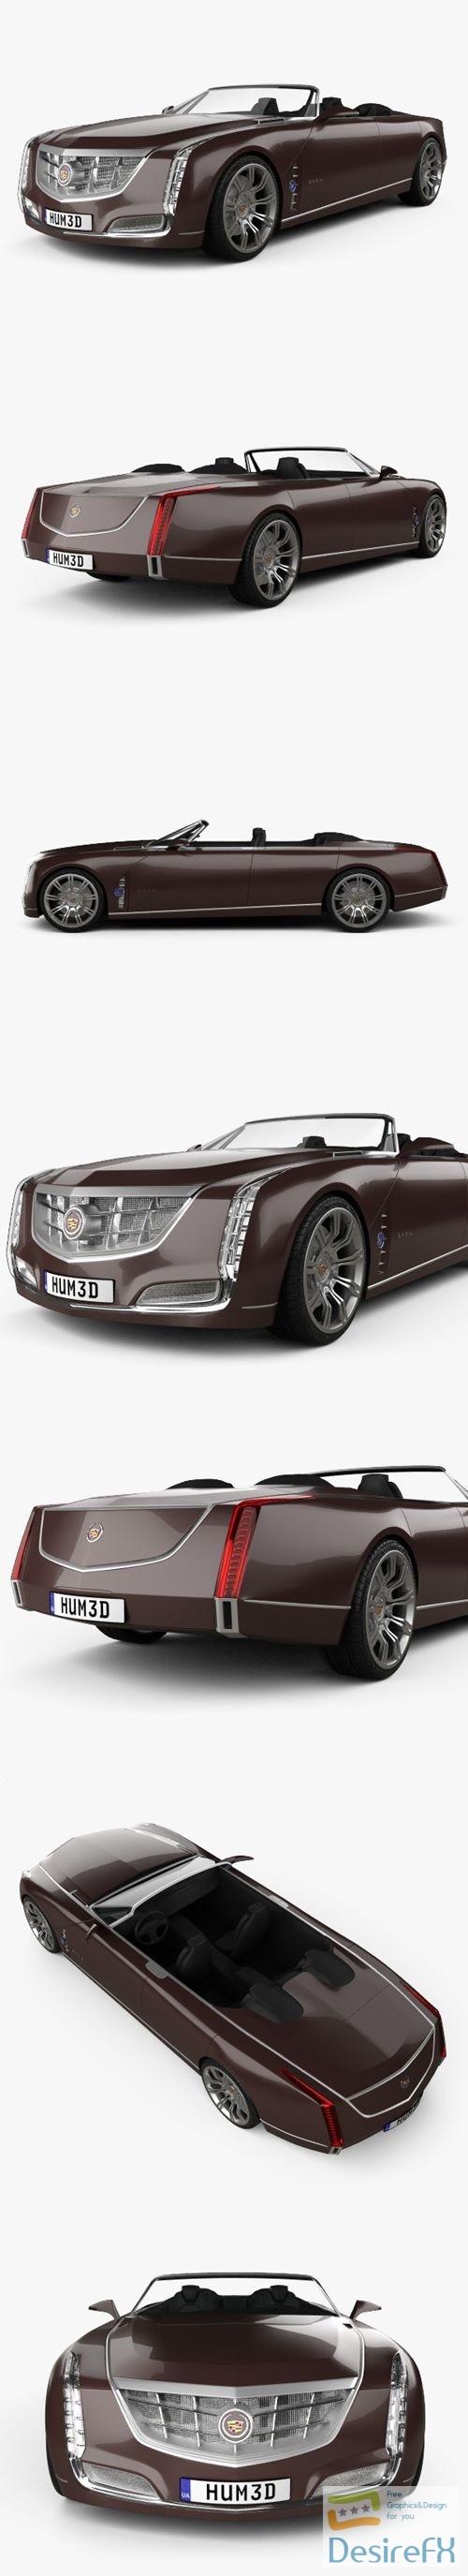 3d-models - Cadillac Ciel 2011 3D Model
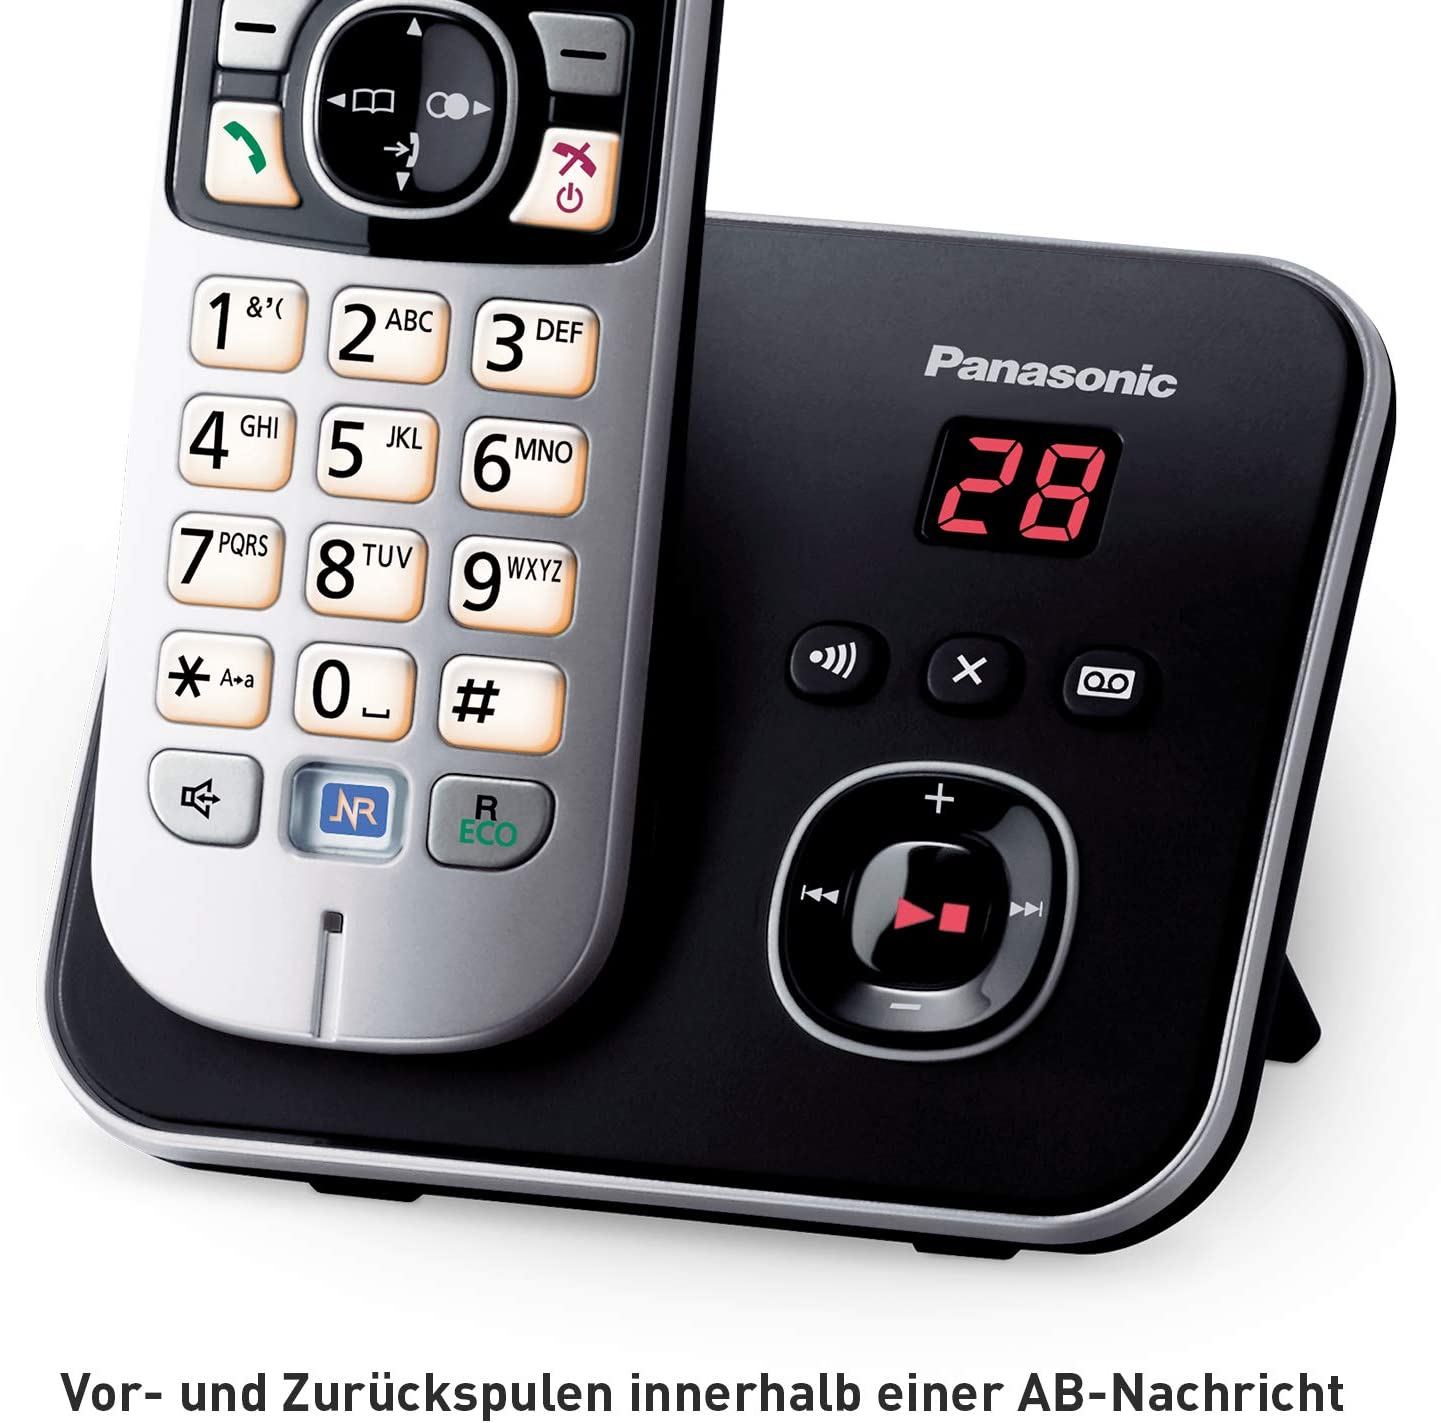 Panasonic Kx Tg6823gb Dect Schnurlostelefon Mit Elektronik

...

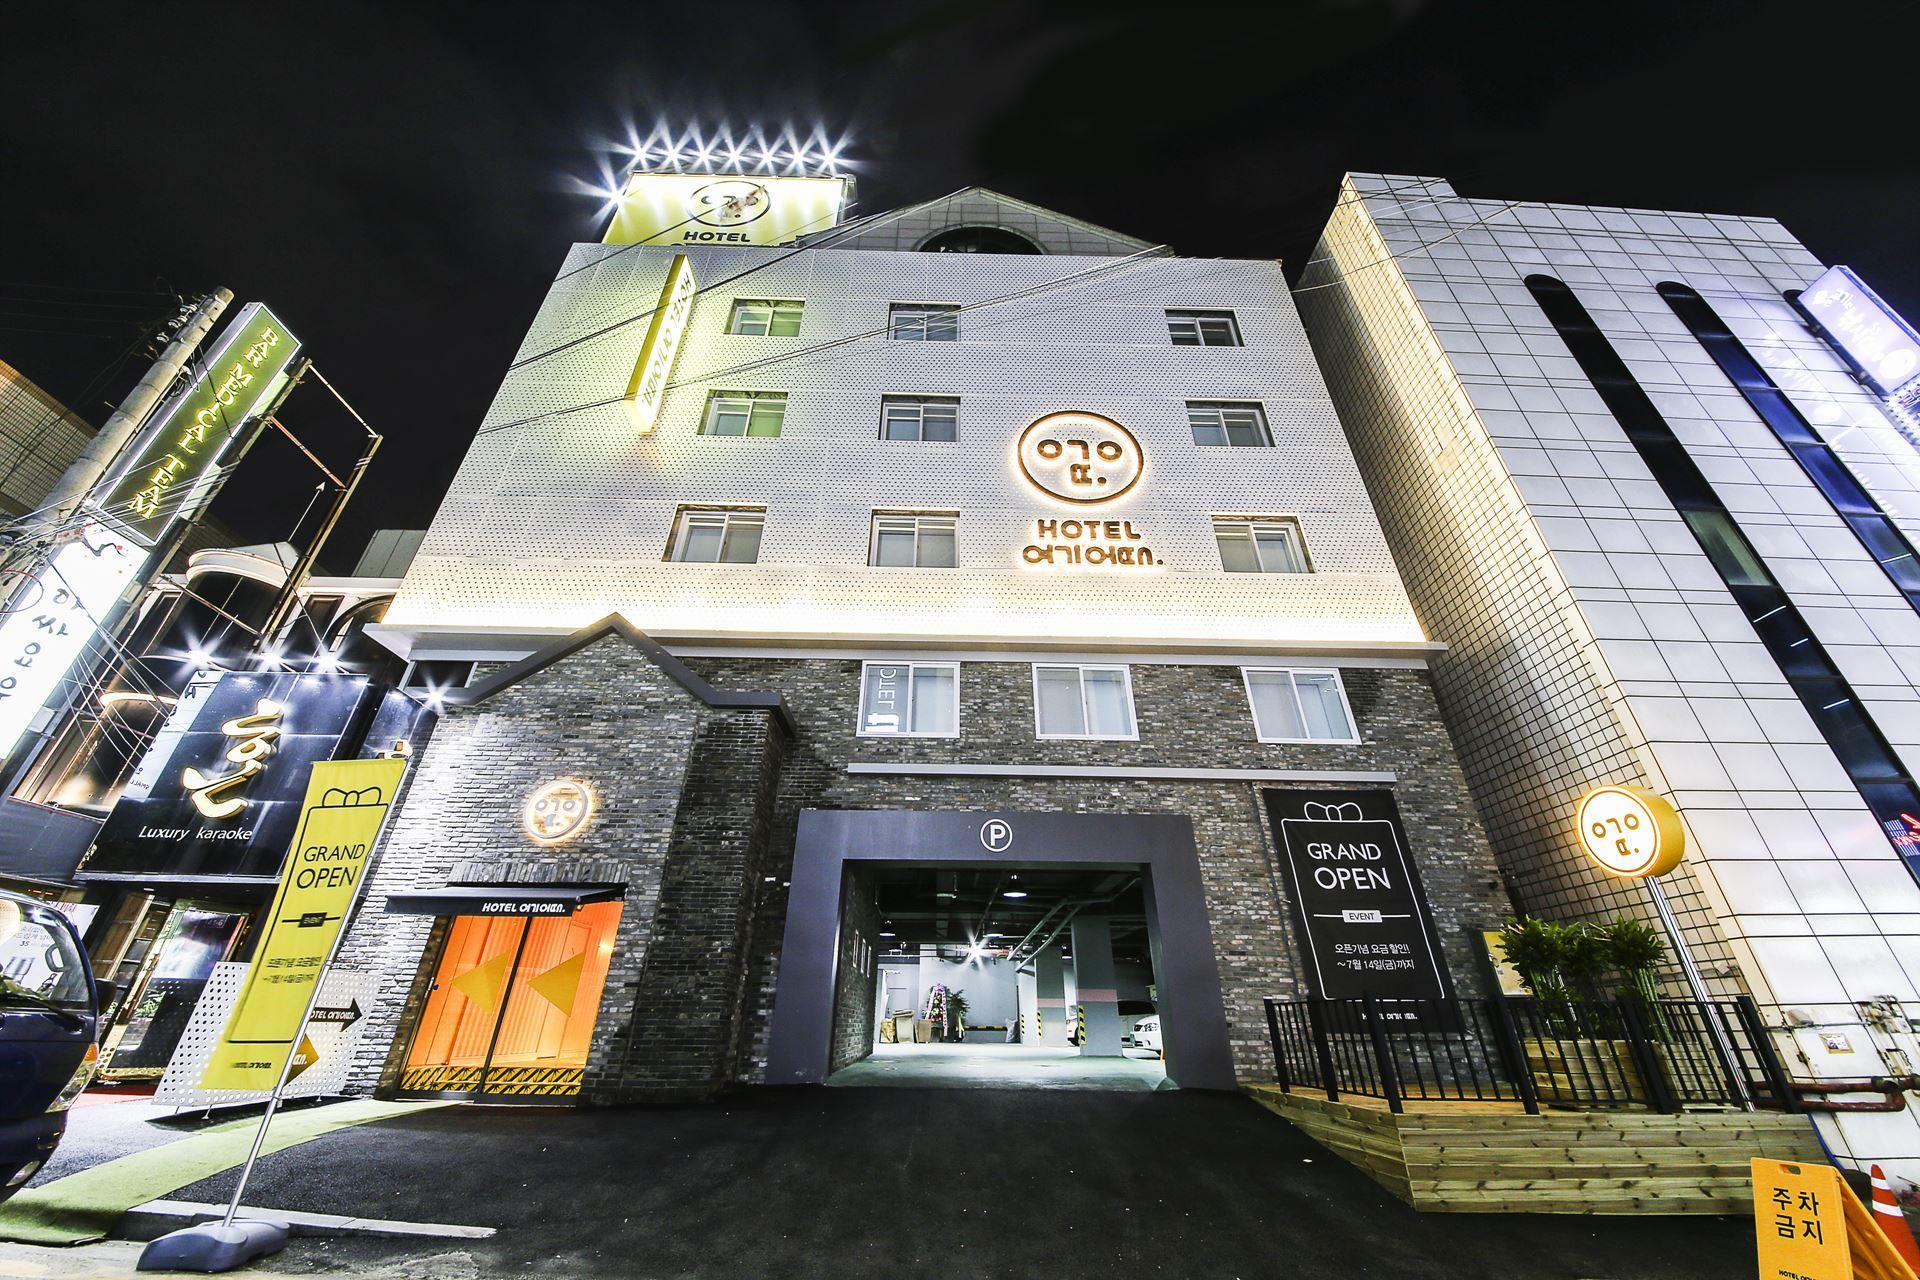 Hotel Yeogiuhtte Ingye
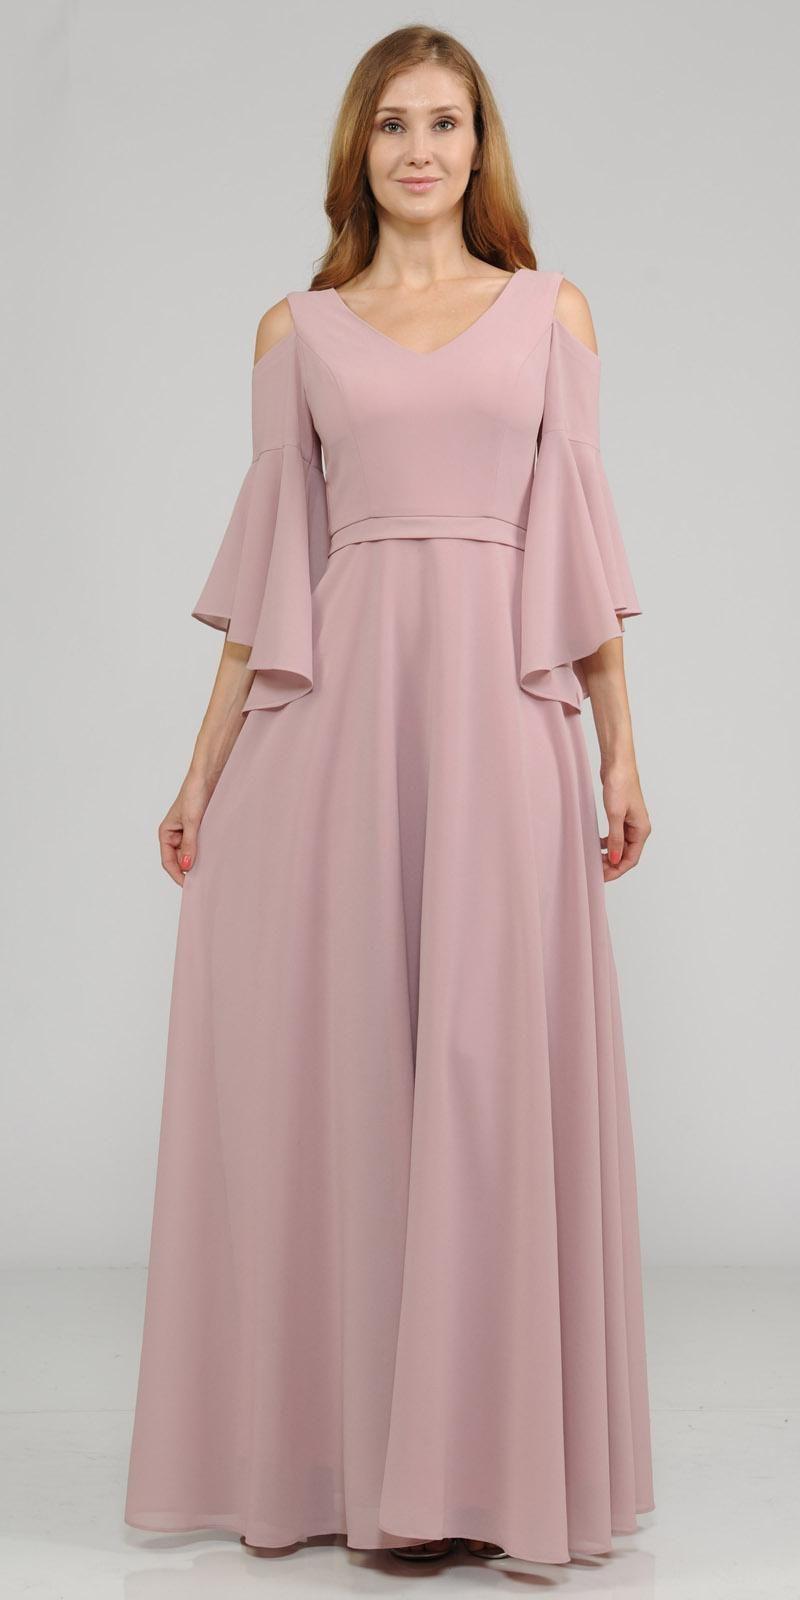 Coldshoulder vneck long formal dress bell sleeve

Assigned task => Starting with the line that contains "3d-models - Cadillac Ciel 2011 3D Model" and finishing with the line that contains "Panasonic Kx Tg6823gb", reproduce every line of the material above exactly, but not the pictures.

Exercise answer =>
 3d-models - Cadillac Ciel 2011 3D Model
 Panasonic Kx Tg6823gb Dect Schnurlostelefon Mit Elektronik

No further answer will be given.